Search code examples
rsimulation

Simulate missing values with MNAR method in R


I simulated a data set with the following assumptions:

x1 <- rbinom(100,0,0.5) #trt

x2 <- rnorm(100,0,1) # metric outcome

df <- data.frame(x1,x2)

Now I'm trying to include missing values with two different methods: First "missing completely at random" and second "missing not at random". Therefore I tried lots of packages, but it does not work, as I expacted.

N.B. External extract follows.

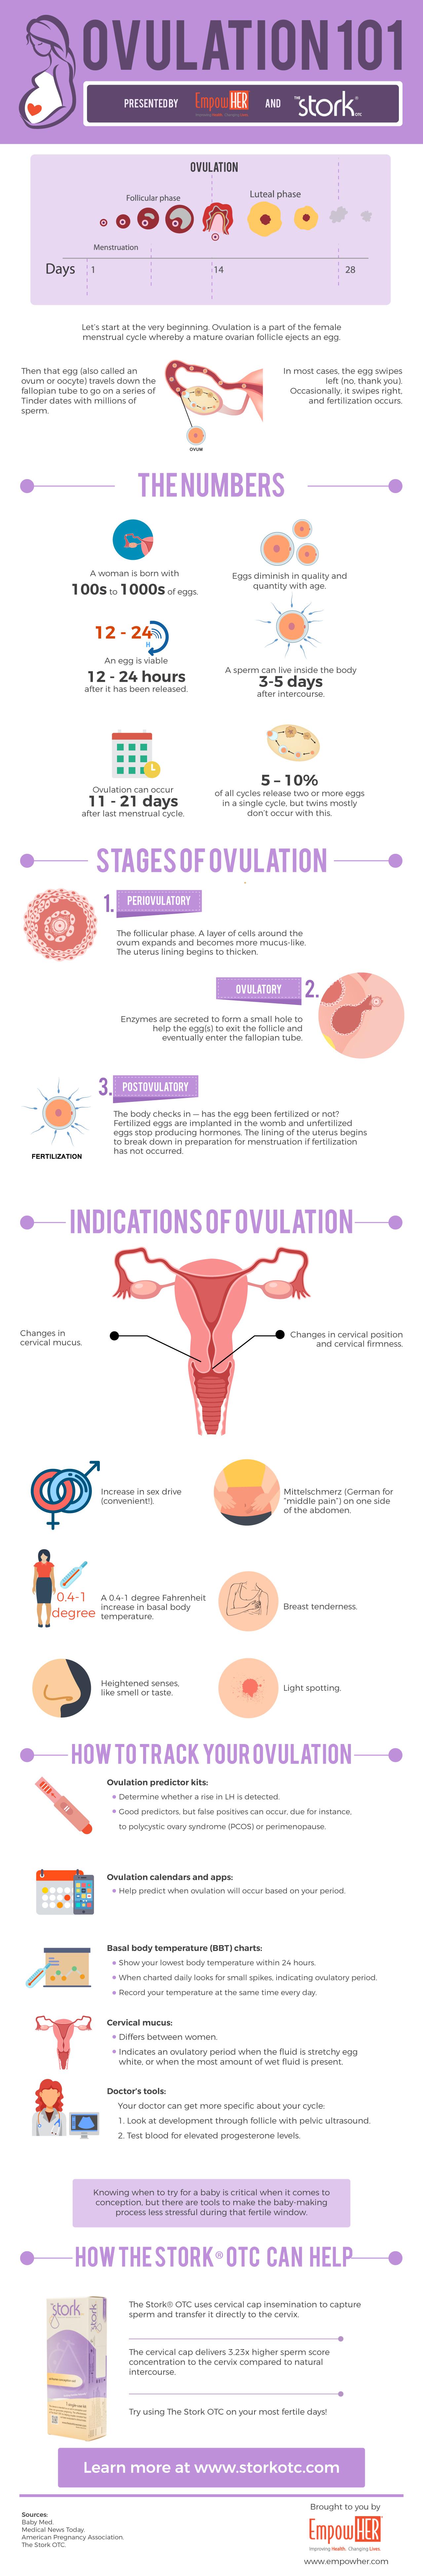 Infographic Ovulation 101

For the first scenario (MCAR) I used:

df_mcar <- ampute(data = df, prop = 0.1, mech = "MCAR", patterns = c(1, 0))$amp

... and it seems to work (with probability of 10% only x2 has missing values - independently of x1)

For the second scenario I want - again - that only x2 has missing values, but this time with special assumption on x1: Only for x1 = 1 I want x2 to have missing values in 10% of cases.

So in variable x2 I want missing values with probability of p=0.1 for x1 = 1 and with probability of p=0 for x1 = 0.

I would be glad for any hint or a simple solution :)

PS: I often read something like prodNA(...) but it does not work


Solution

  • Could probably do something like:

    library(dplyr)
    df %>%
      mutate(
        x2 = if_else(x1 == 1 & runif(n()) < .1, NA_real_, x2)
      )
    

    My R is currently too busy for me to run the code, though.